### Provided records
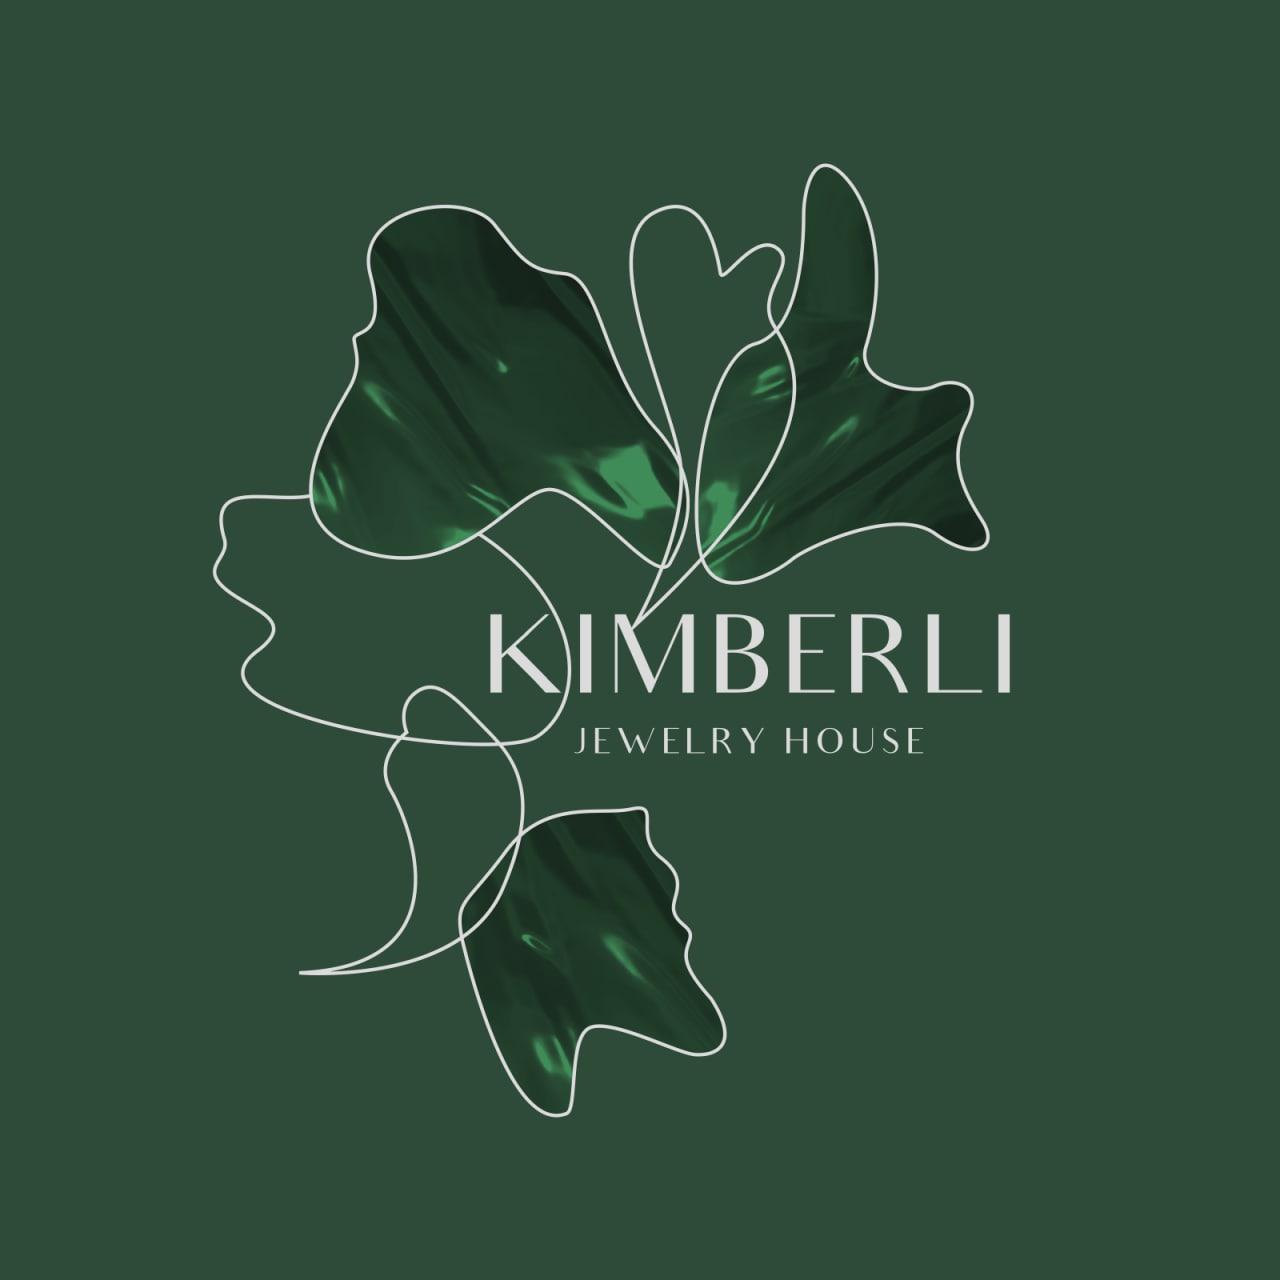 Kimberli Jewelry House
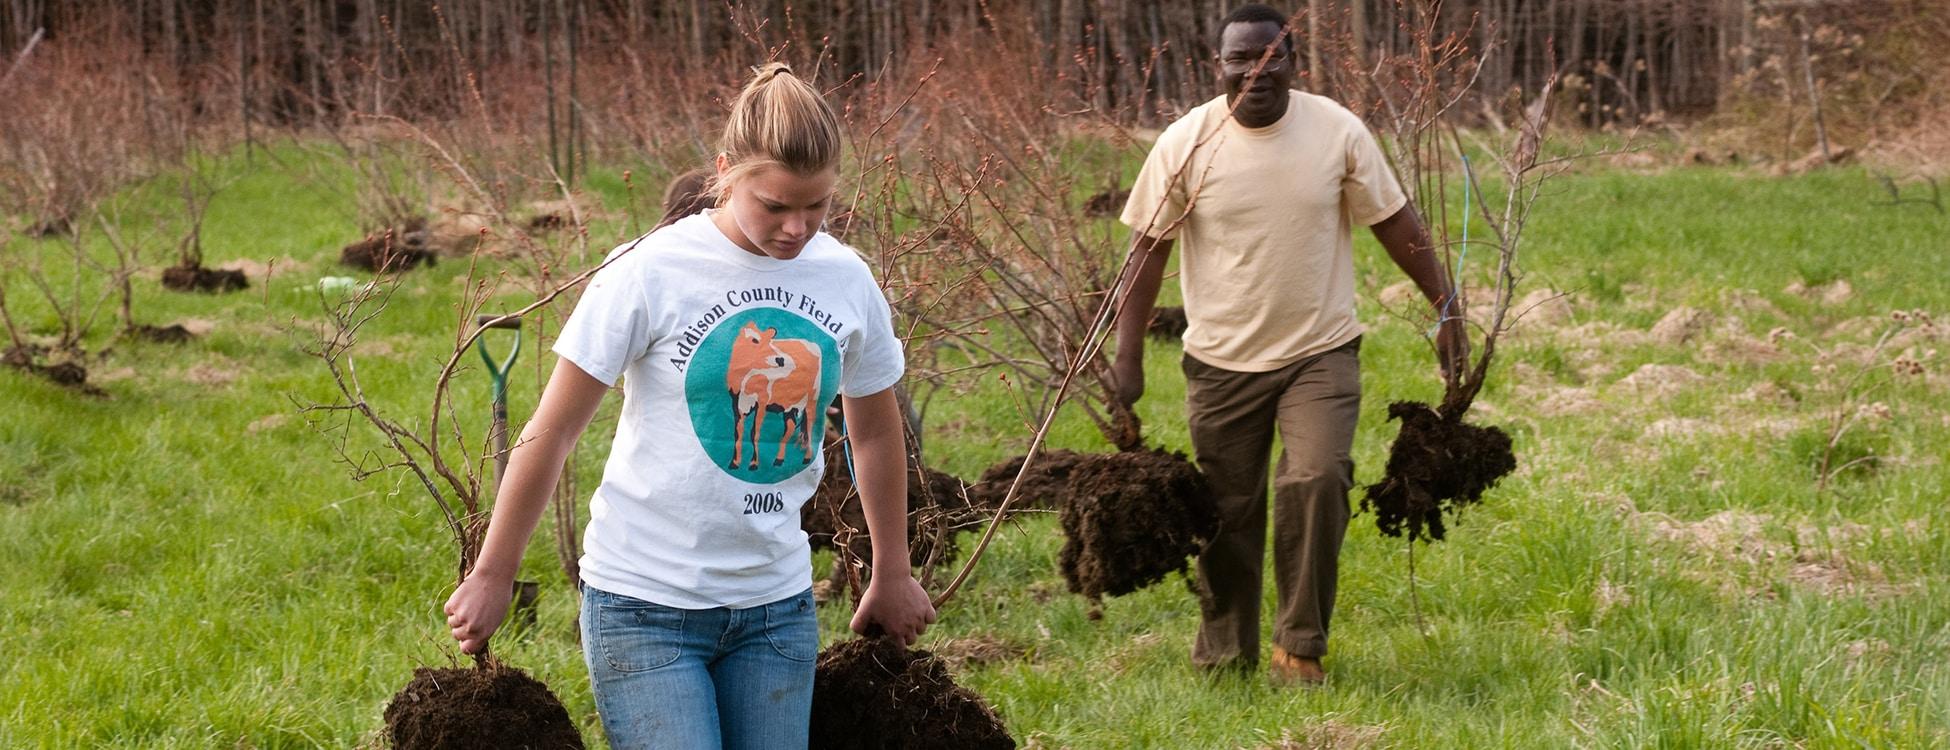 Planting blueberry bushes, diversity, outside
* * *
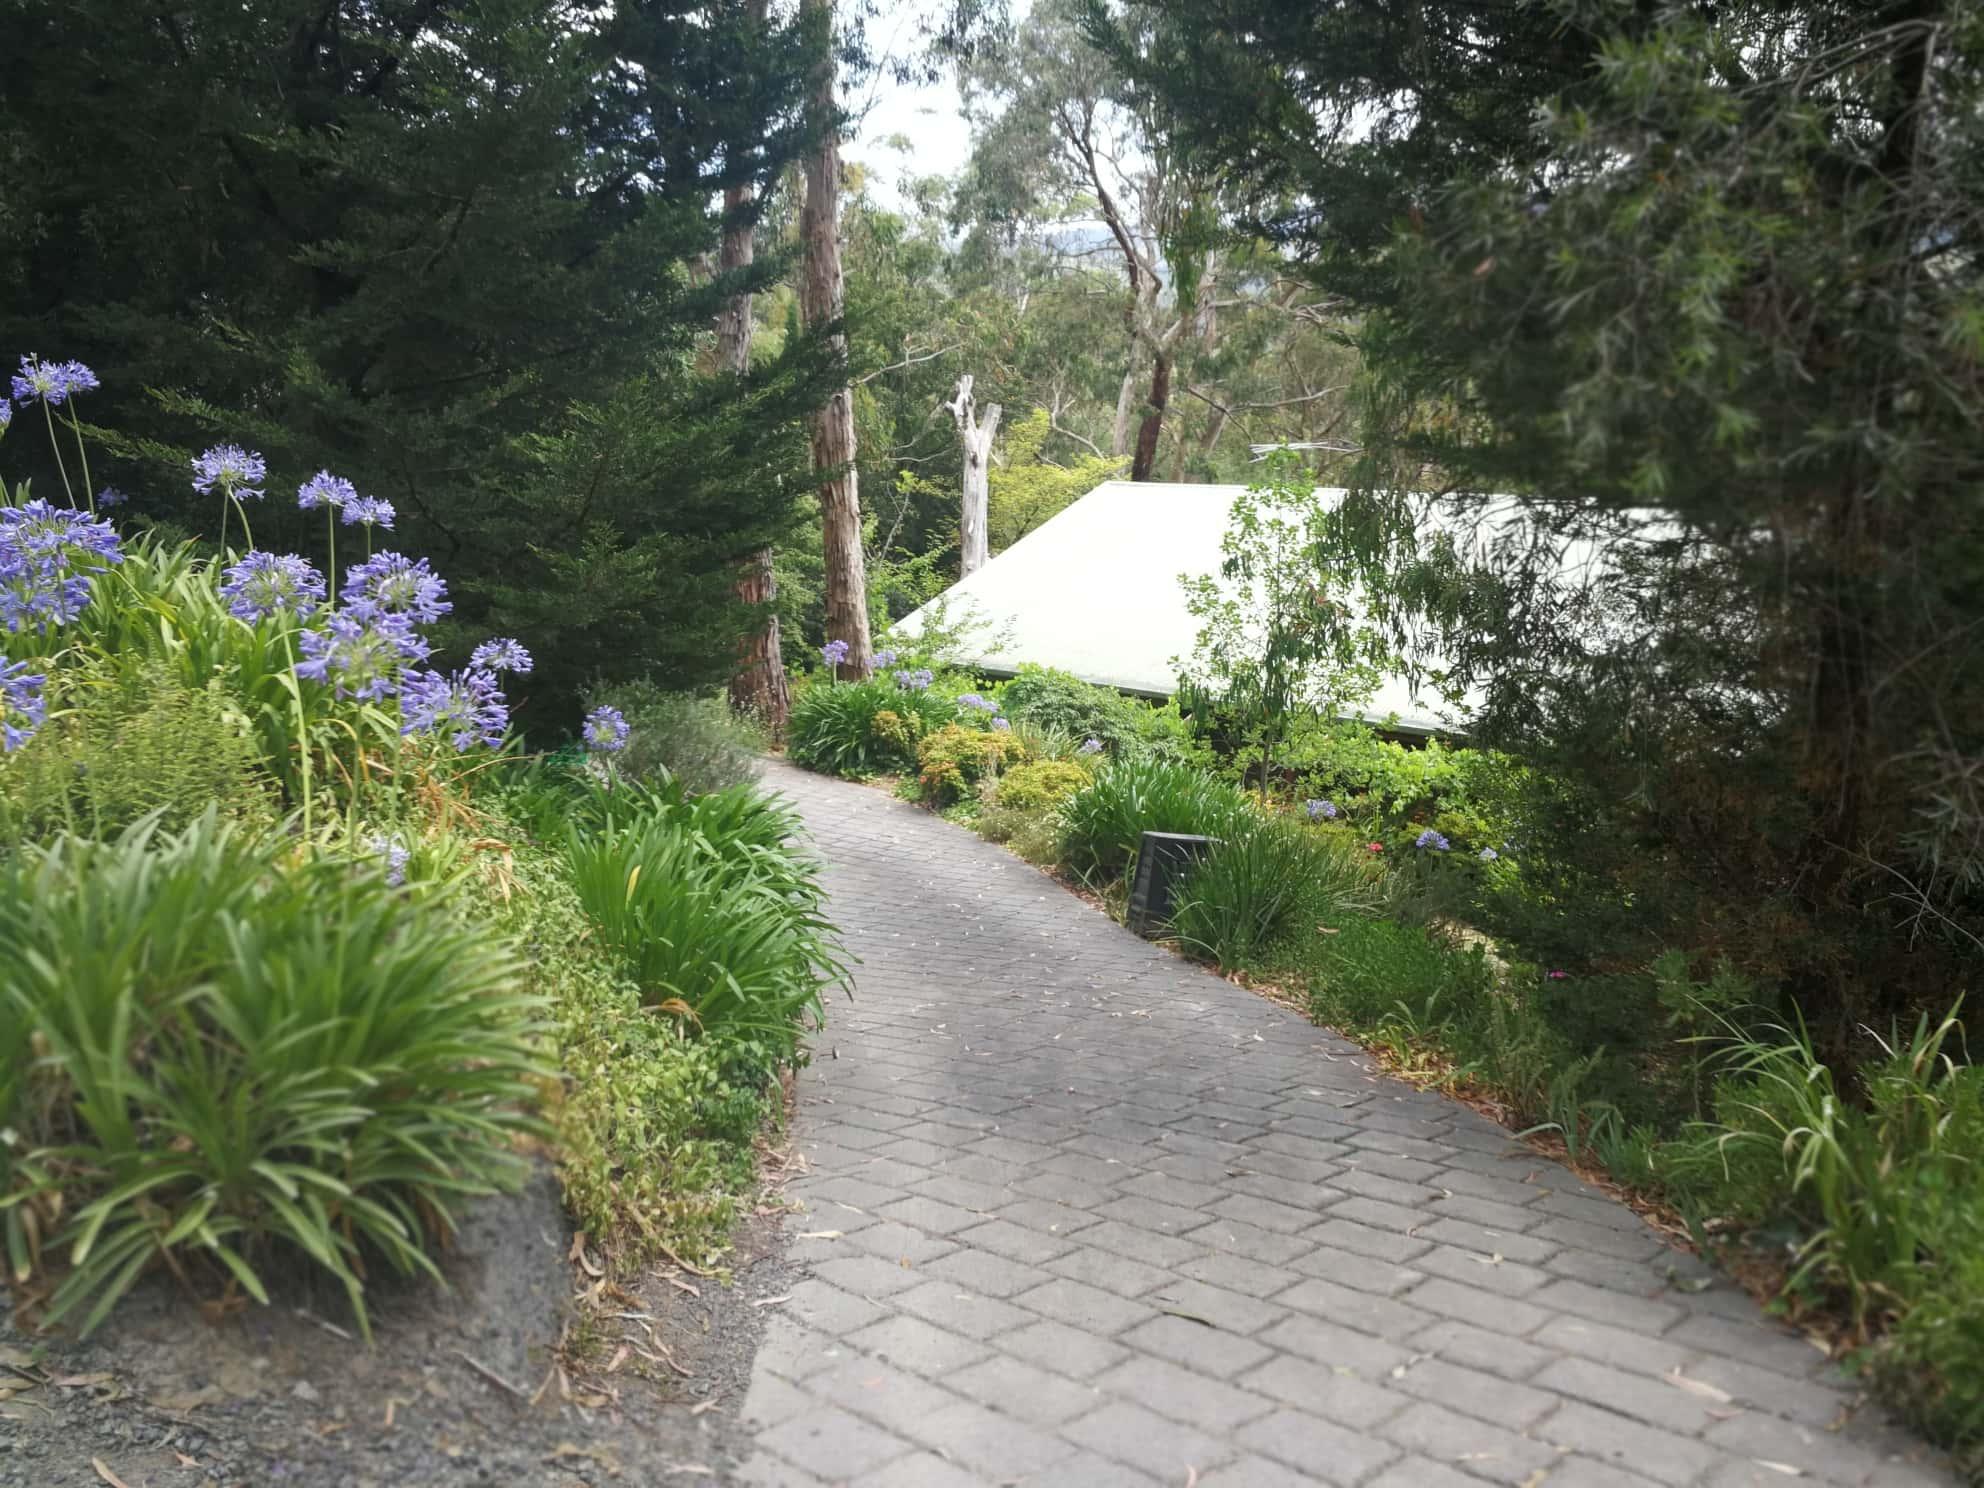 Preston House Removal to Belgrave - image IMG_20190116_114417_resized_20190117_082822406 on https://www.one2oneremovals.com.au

### Problem
Would you copy, word for word, only the lines above from the one containing "Kimberli Jewelry House" through the one containing "Planting blueberry bushes, diversity, outside", both included, and please leave out the pictures?

### Result of this task
 Kimberli Jewelry House
 Planting blueberry bushes, diversity, outside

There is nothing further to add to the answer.